__Assignment__:
With the pictures left out, set down the line containing "Динозавры Трицератопс хентай" and each line after it to the end of the material, exactly as written.

(Information supplied begins)

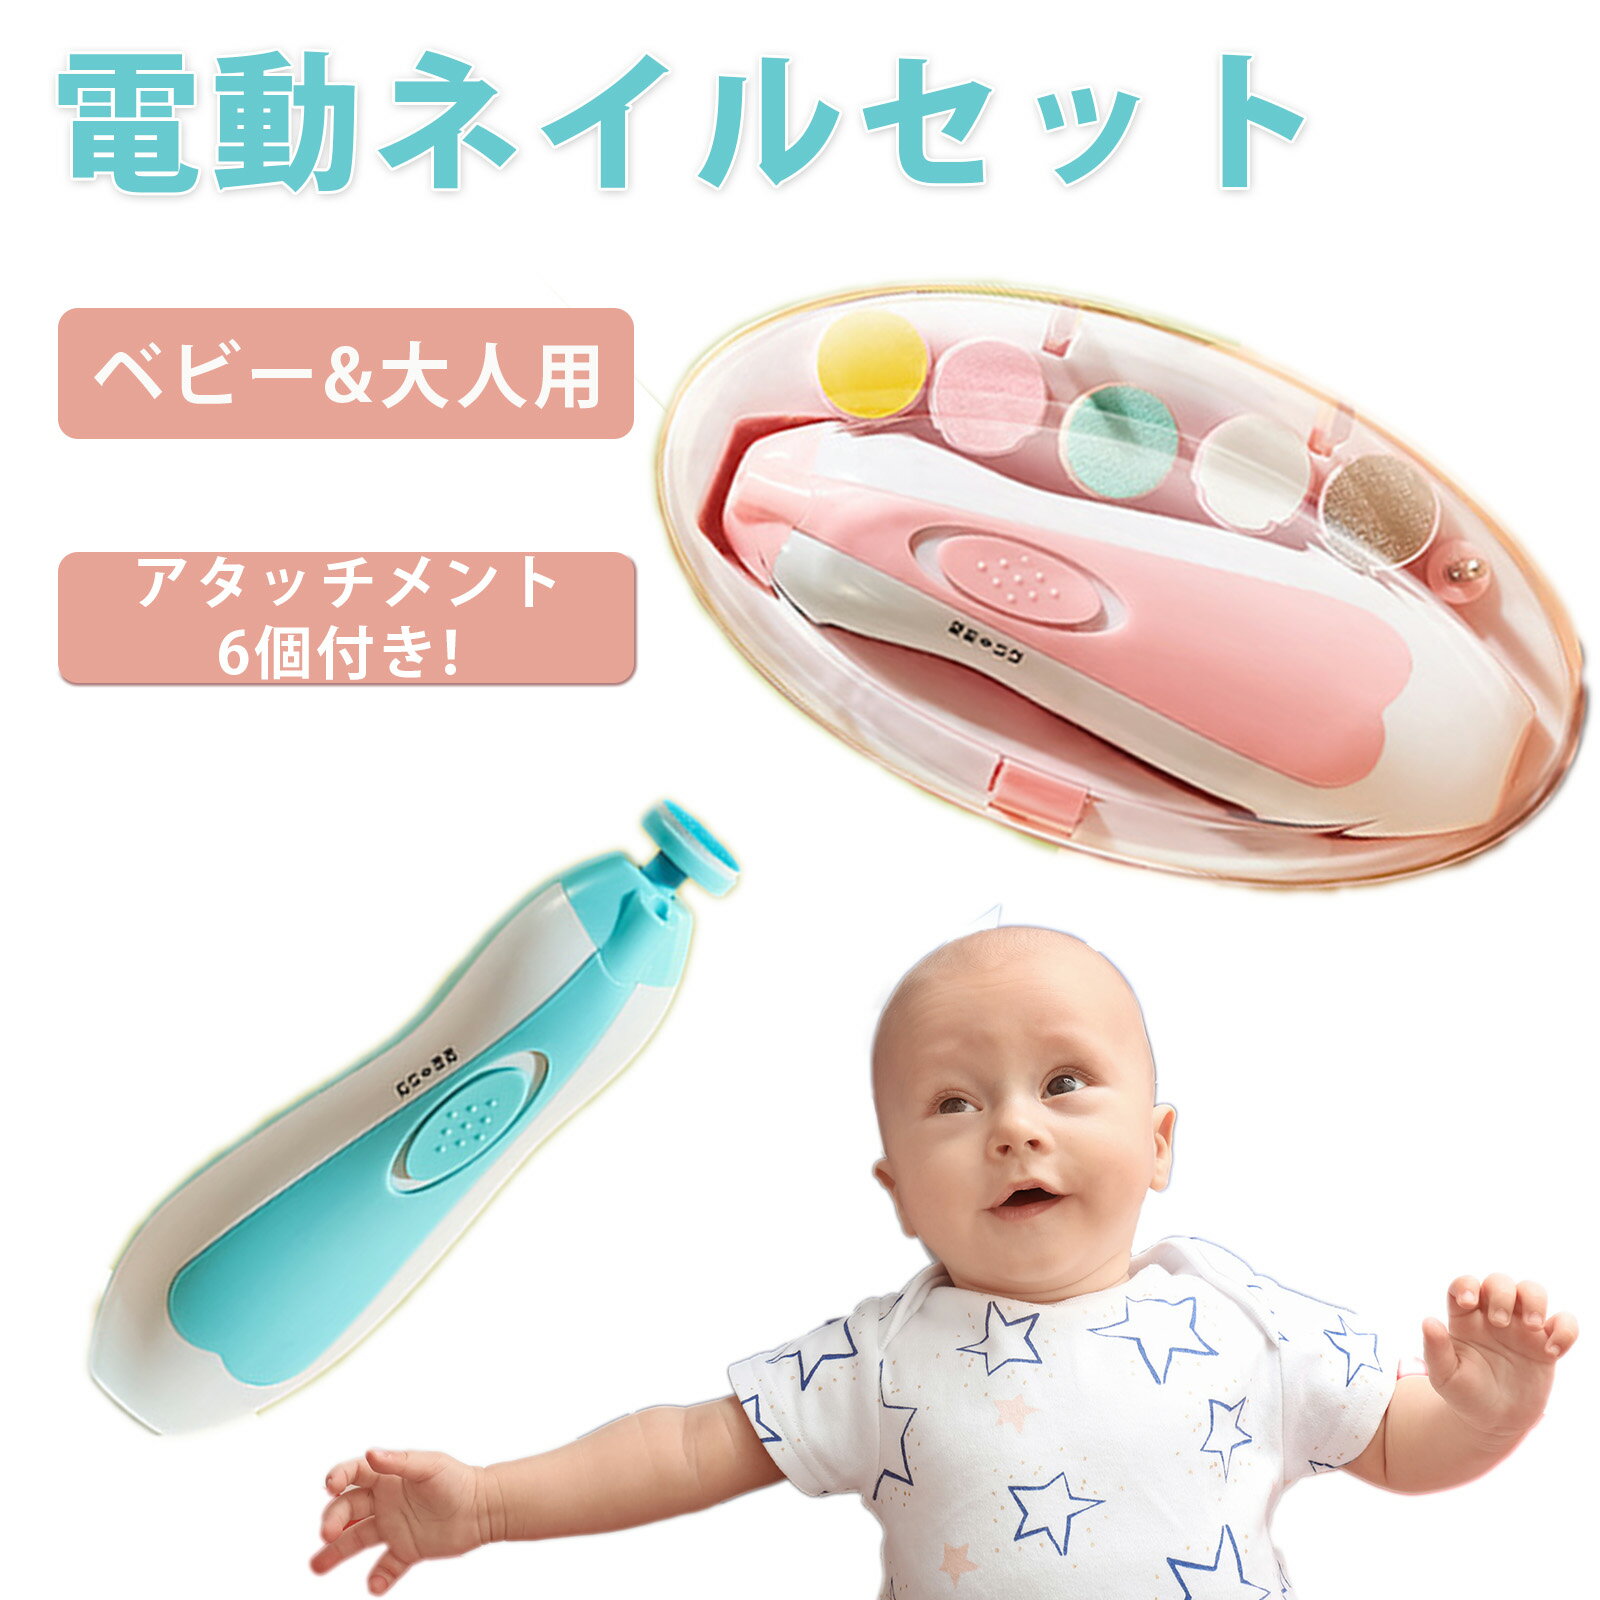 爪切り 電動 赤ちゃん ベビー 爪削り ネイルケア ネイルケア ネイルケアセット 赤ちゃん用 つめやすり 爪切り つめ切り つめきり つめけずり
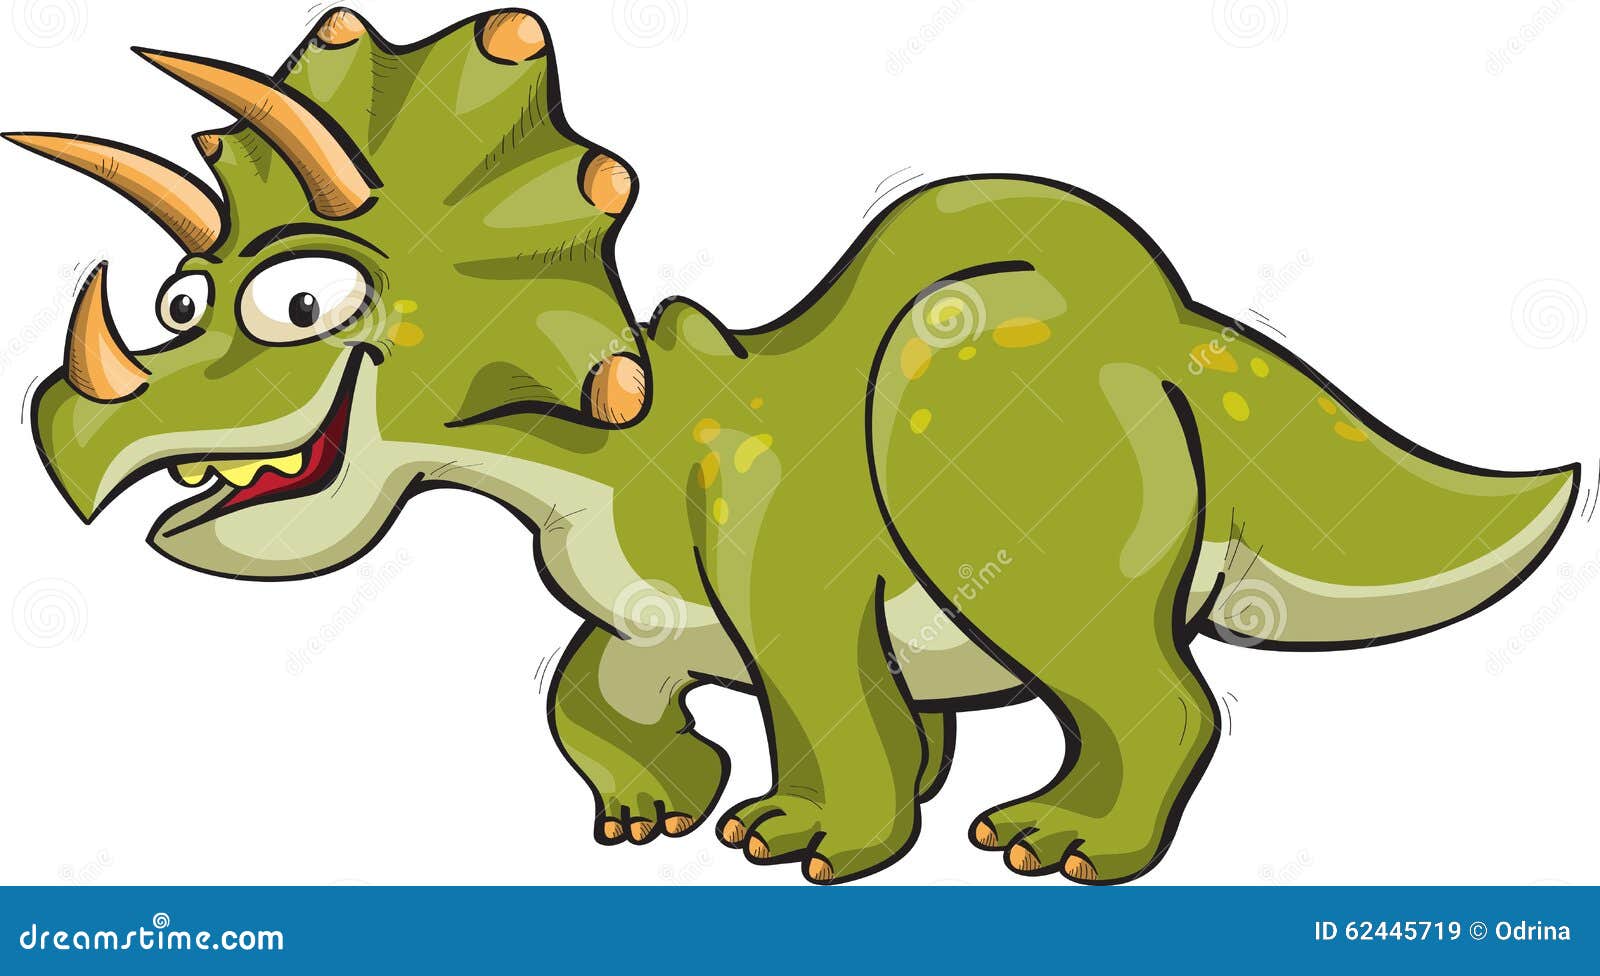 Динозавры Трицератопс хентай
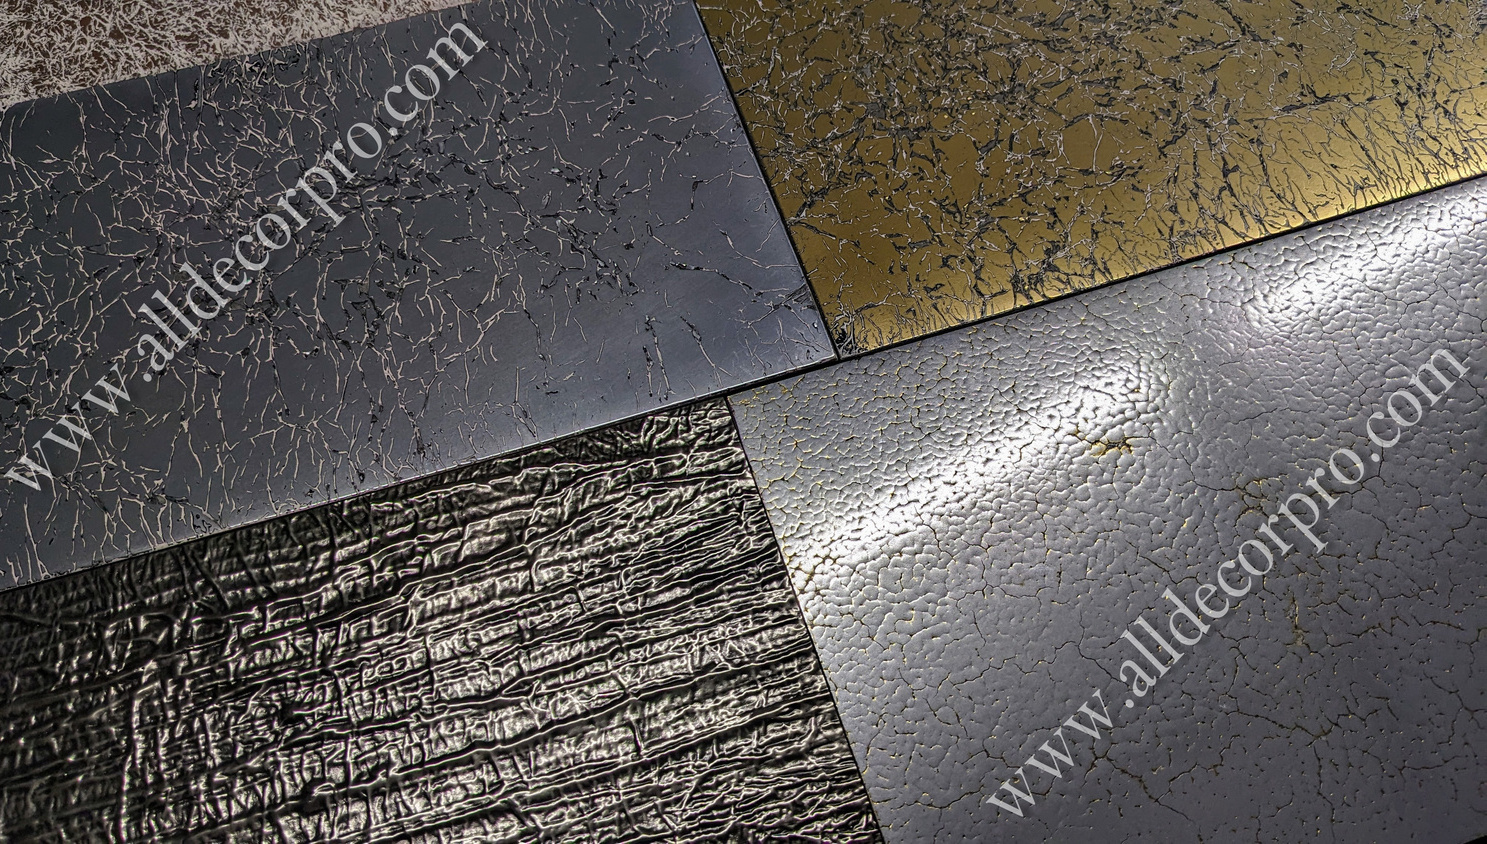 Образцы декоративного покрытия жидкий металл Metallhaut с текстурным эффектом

(Information supplied ends)

__Finished task__:
 Динозавры Трицератопс хентай
 Образцы декоративного покрытия жидкий металл Metallhaut с текстурным эффектом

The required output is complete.